Image copyright AFP Image caption Oxford Economics forecasts Saudi Arabia’s GDP growth at 4.1% in 2022, in line with global averages
Your annual pay will be one percent higher in 2022 than it was in 2016 – a modest increase in these times of protracted wage stagnation.
Pay rises are predicted to accelerate slightly in each of the following years, with a 2.4% increase in 2025, according to a report by financial consultancy Oxford Economics.
However, the UK, US and other advanced economies are unlikely to return to the 3% or higher levels of pay growth seen before the financial crisis of 2008.
Image copyright Getty Images Image caption The US may need to increase wages by 5.3% in the next eight years to achieve its potential growth rate
This is because economies at the centre of trade relationships (in the US, the EU and Japan) are among the most vulnerable to global supply chain disruptions and global currency fluctuations, and because wages tend to adjust more slowly in more competitive economies.
The firm’s chief economist Jon Stratford, the author of the report, said: “These countries are experiencing slow growth, subdued inflation and high unemployment, which has translated into wage gains for those in employment – but faster growth from the other end of the process is unlikely.
“The importance of [global] wages is illustrated by global trade, which accounts for just over one third of nominal gross domestic product (GDP) and about 60% of export growth between 2008 and 2015.”
Other findings from the report included:
Employment in the UK is expected to rise by just 1.6% between 2015 and 2026 , well below the expected pace of growth in real wages.
, well below the expected pace of growth in real wages. The current UK government will “lose control” of its own economy in the medium term, the Oxford Economics research suggests.

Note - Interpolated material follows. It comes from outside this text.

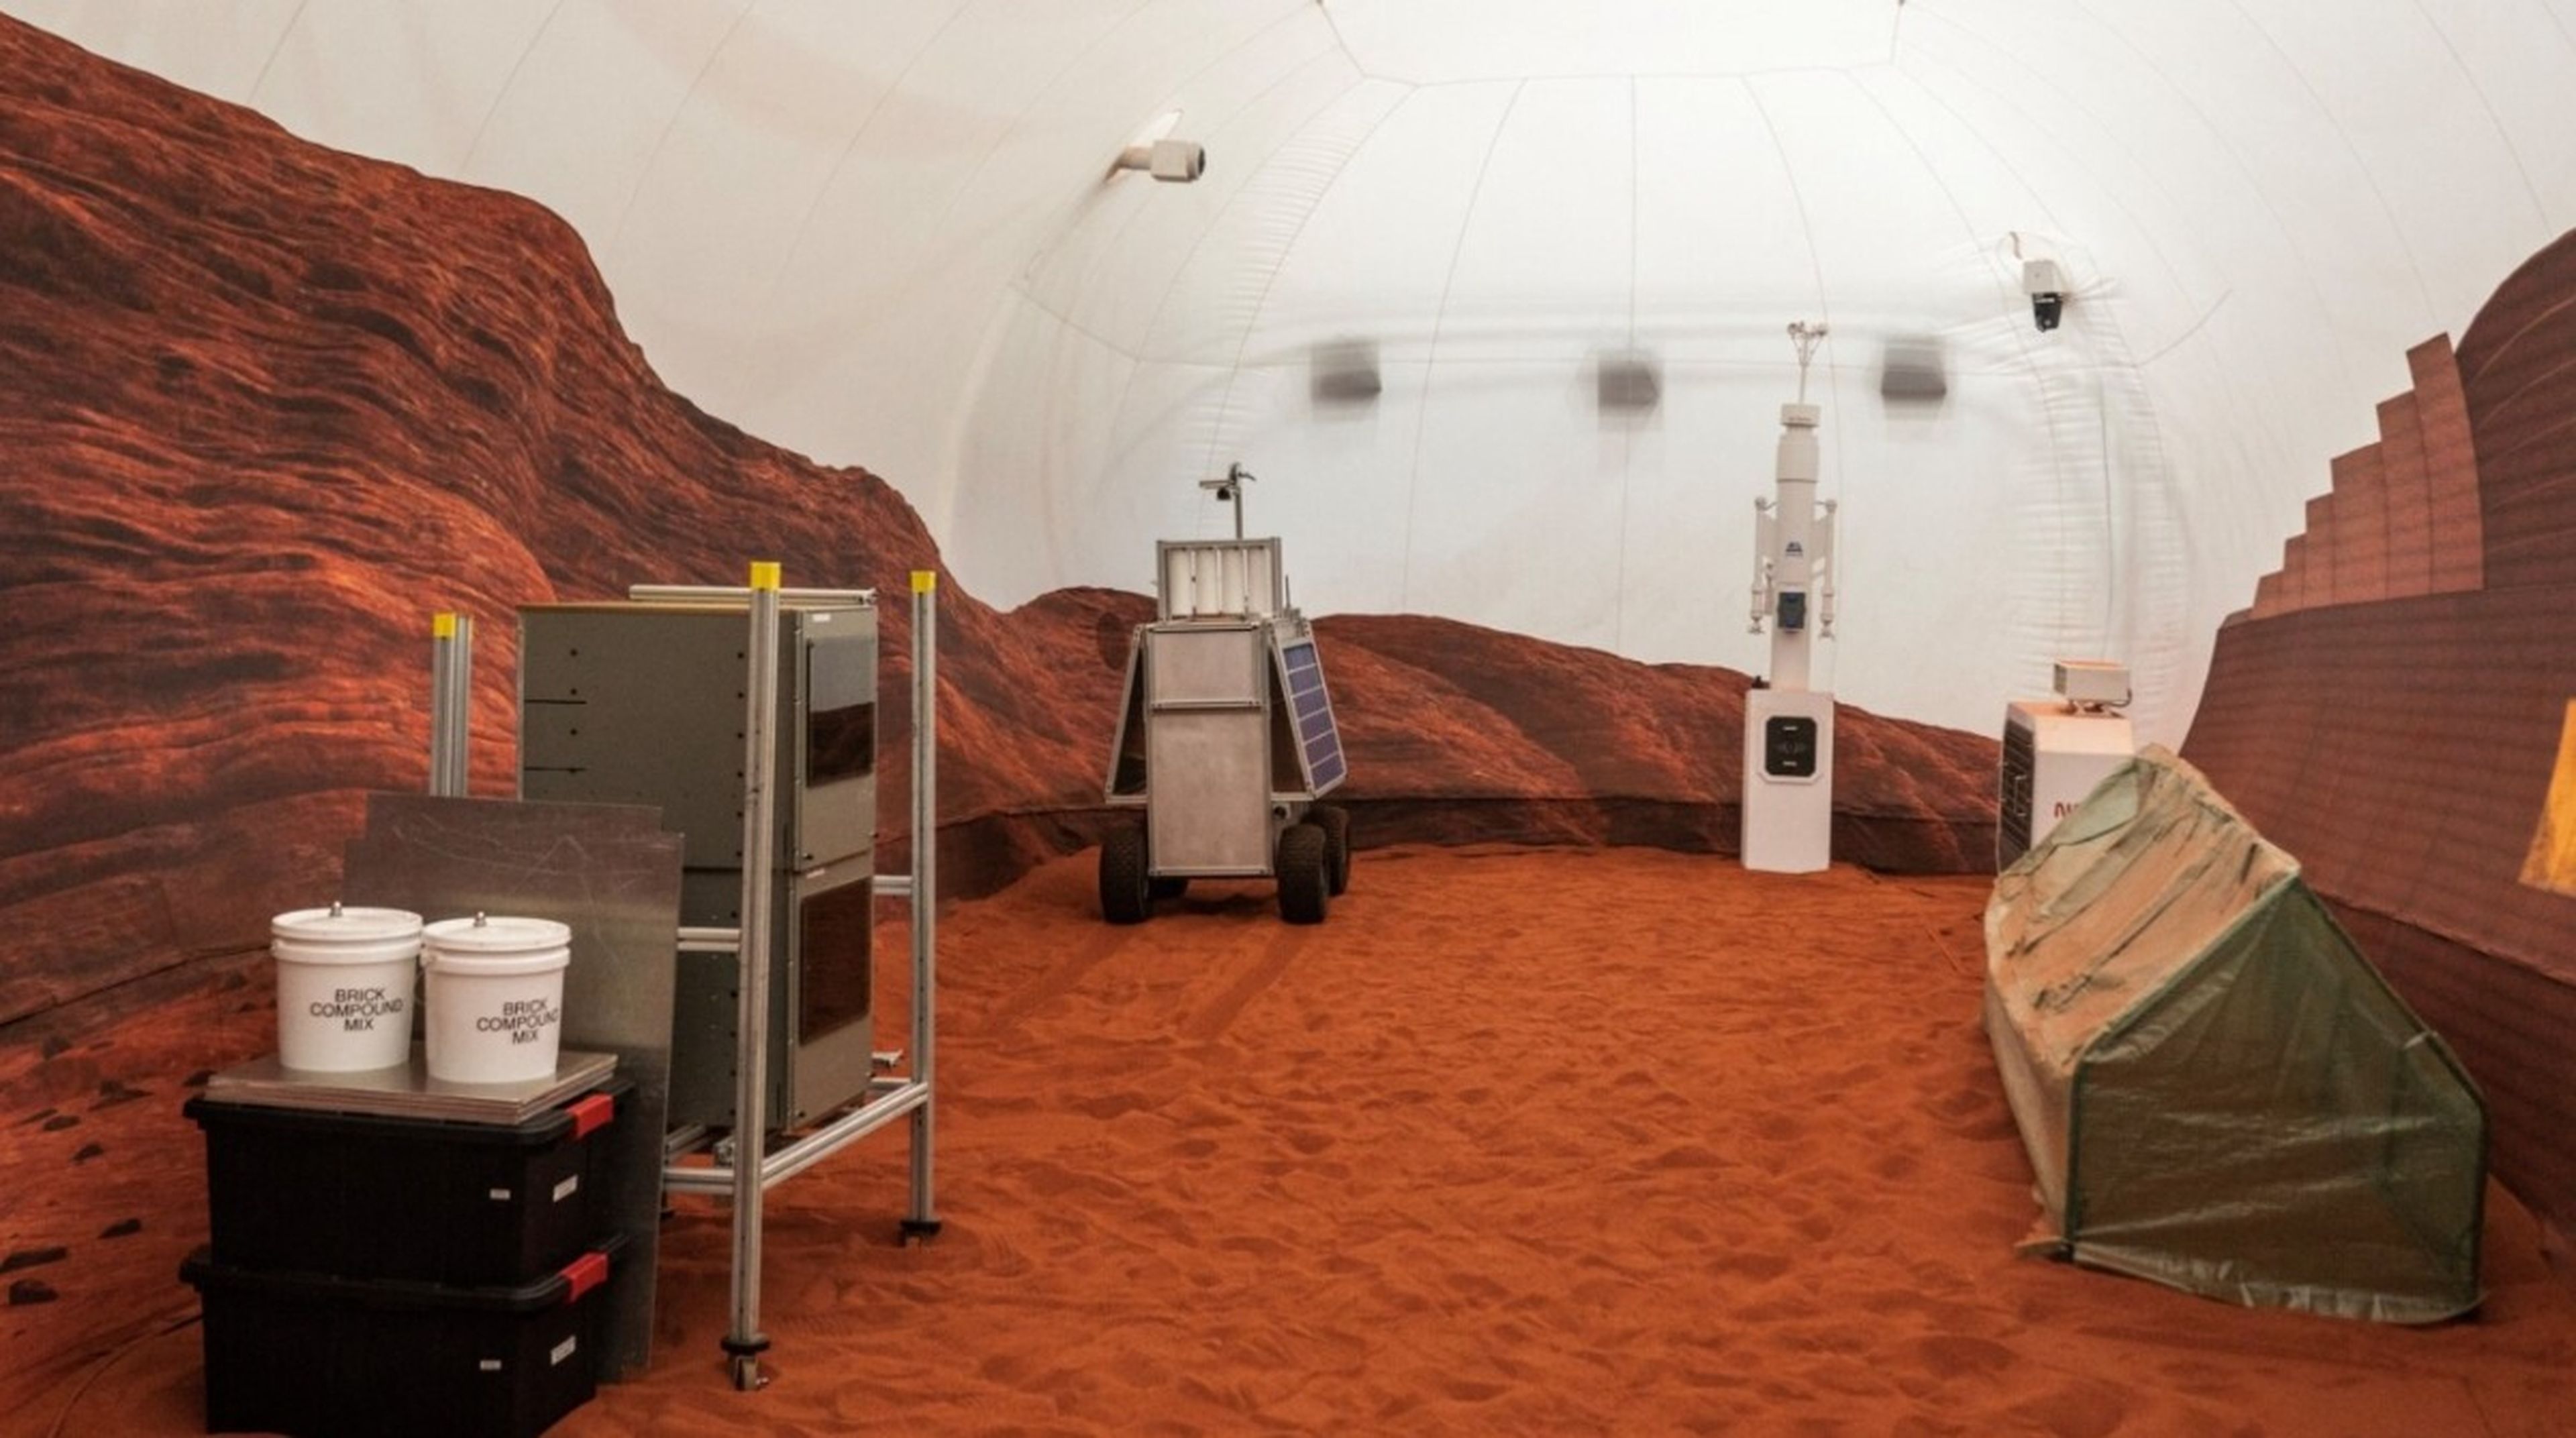 Estos 4 voluntarios de la NASA están a punto de vivir un año en un hábitat que simula Marte

A pre-2020 austerity squeeze will compound the effects of the economic slowdown.
has “lose control” of its own economy in the medium term, the Oxford Economics research suggests. A pre-2020 austerity squeeze will compound the effects of the economic slowdown. Chinese growth will continue to edge up in the next decade to 6.6% in 2022 from its current 6%.

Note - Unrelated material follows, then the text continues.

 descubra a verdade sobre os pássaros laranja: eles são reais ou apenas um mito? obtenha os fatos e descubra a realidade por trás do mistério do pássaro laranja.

in the next decade to 6.6% in 2022 from its current 6%. The European Union is expected to grow by 1.6% over the period, “indicating that the region has significant capacity to shift from stagnation to growth”.
According to the report, global wage growth will hit a plateau next year, before regaining pace in each of the following years.
“In order to get a good sense of where the global economy is going and where that will lead wages, we have to give the big emerging economies more scope to pursue more ambitious growth agendas,” said Mr Stratford.